Fish, fishing poles, and Medford’s per capita spending
In canvassing door to door for votes, my pitch usually ends in "If there's anything on your mind about living in Medford, I'd love to hear it!" Naturally, the things on residents' minds are often features around their own property. For example:
On Main Street, a slab of sidewalk that used to house a tree which was no longer there. Instead, there was just a piece of missing sidewalk, overgrown with grass. The residents living in front of that slab reported it to the city, and — going just by their side of the story — the city had marked it as fixed without doing anything about it.
A man in the Hillside area showed me a tree outside of his house that had, for the past ten years, been breaking his garden wall.

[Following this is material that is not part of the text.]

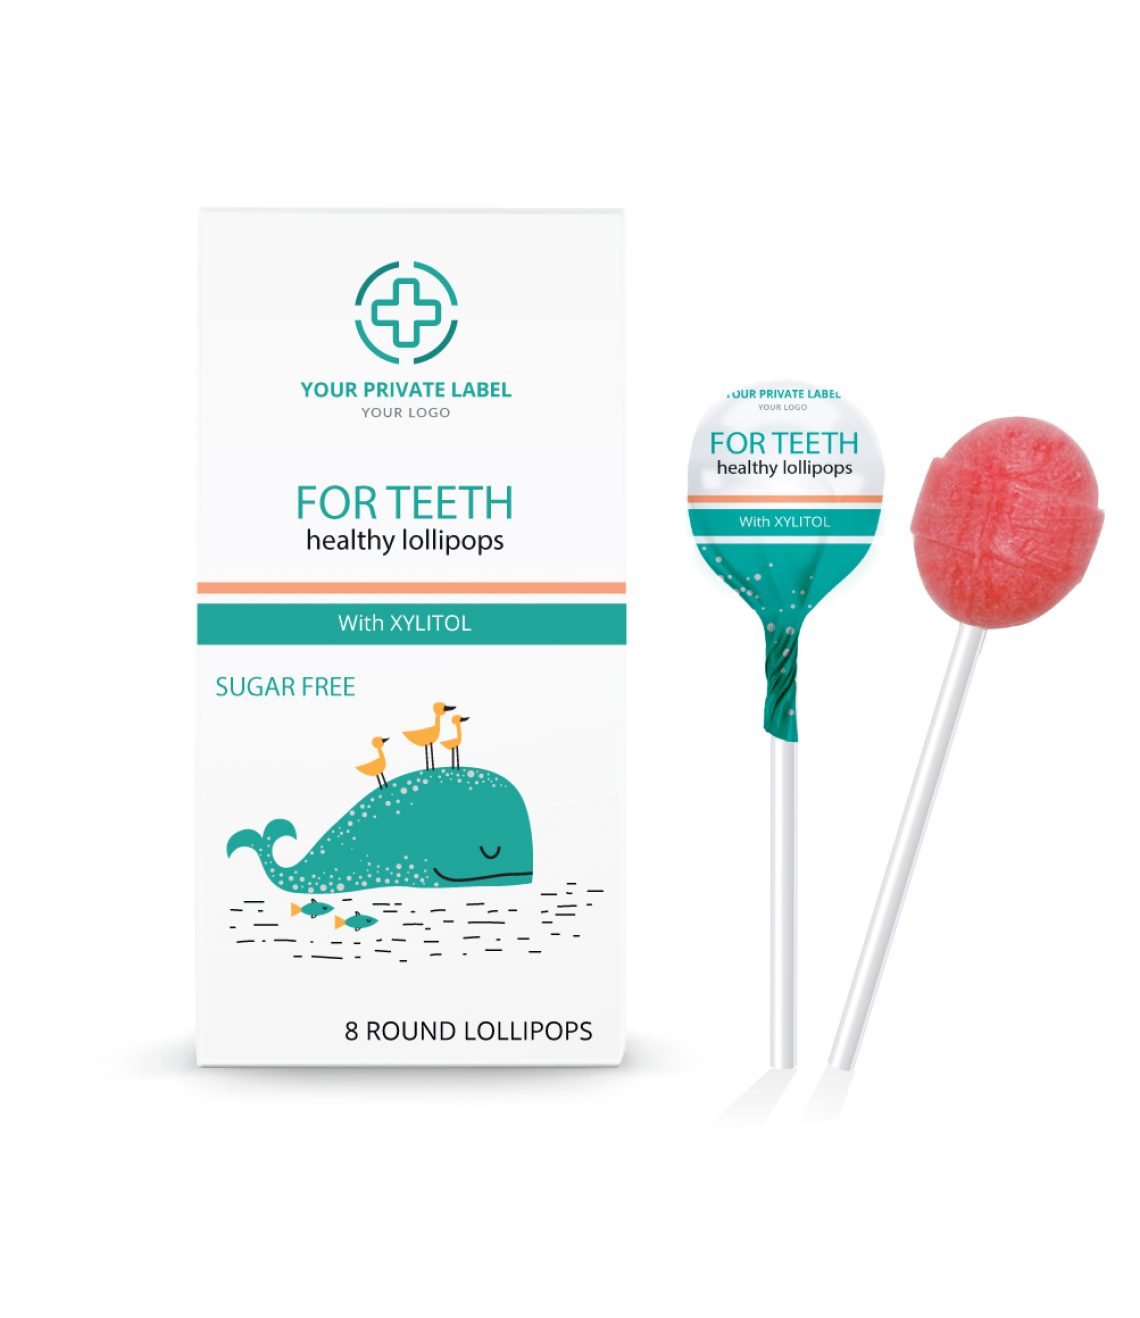 Healthy-lollipops-for-teeth-8-round-lollipops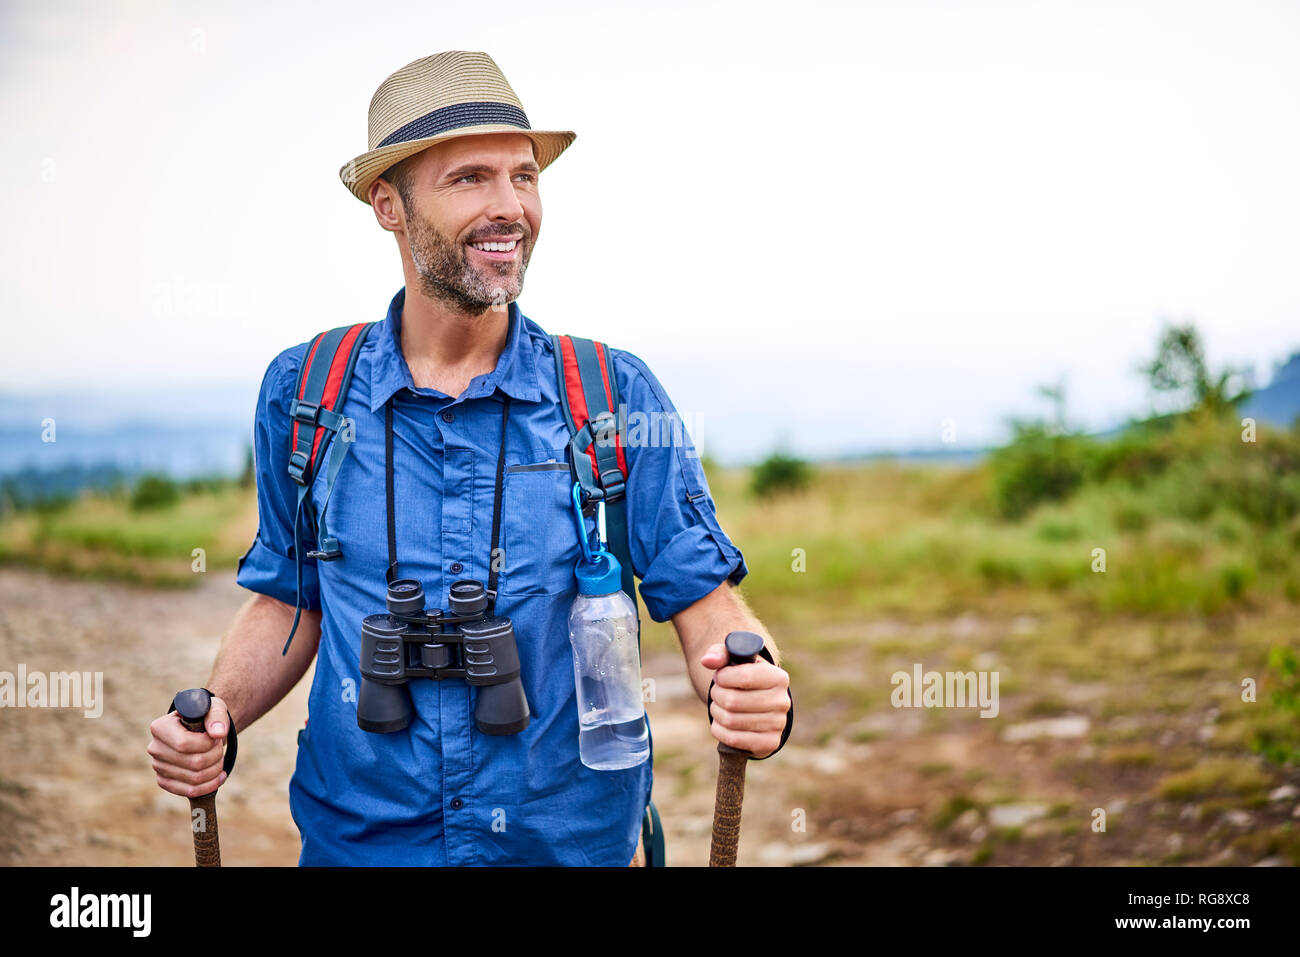 Smiling man with binoculars randonnée en montagne Banque D'Images

He explained that the city had chosen to plant a Green Lindon — a cheaper option than, say, White Oak — which had roots that spread outwards instead of down.
Two women who lived near two different privately owned roads that were, at one time, riddled with potholes, who wanted the city to maintain them.
An 81-year-old man in West Medford, using a cane, who explained that he had been complaining about the state of the sidewalk around his house since the 1980s and had never been able to get the city to take it seriously. He often tripped and fell.
A woman near Tufts Alumni fields whose backyard was permanently flooded by the work done there.
A man who called me up and asked what was being done about the many potholes on Golden Avenue. He'd heard from a few past councilors that money had been allocated for that — and nothing had yet happened.
In deciding where to put resources, there's a balance between cost, demand (including how many people a project affects), and need. For instance, to investigate the Golden Avenue situation, I ended up calling a traffic engineer in city hall to ask. The engineer explained to me that that money was allocated to replace a gas pipe and that the road — or parts of it — would be replaced incidentally during that project. It was scheduled to be finished in the next year or so. They preferred to dedicate resources to gas leaks because those can explode. If I had as few resources as Medford does, I, too, would direct them towards making sure things don't explode.
There are 351 municipalities in the state of Massachusetts. 96 have a population greater than 20,000. Going by 2022 numbers, Boston is the biggest, with a population of 650,706; Worcester is in second place at 205,319; Medford is in 16th place with a population of 65,399. If you take the revenues and receipts data from the state's website and population data from another source, these numbers make Medford stand out in an interesting way among the larger municipalities. Medford's total receipts from the last fiscal year were $219,971,391; its population in 2022, again, was 65,399. If you divide these two numbers, you get $3363.53 spent per capita in Medford. For context, Cambridge (population 118,488) had $952,669,261 in receipts, giving it a ratio of $8040.22 per capita; Somerville (population 79,762) had $390,074,479, giving it a ratio of $4890.48 per capita; and Malden (population 64,712) had $230,724,600, giving it a ratio of $3565.41 per capita. Of the 96 municipalities in Massachusetts with a population greater than 20,000, Medford's per capita spending is third from last, ahead only of Bridgewater (population 28,780) and Amherst (population 40,059). Among all municipalities in Massachusetts, we rank 302 out of 351.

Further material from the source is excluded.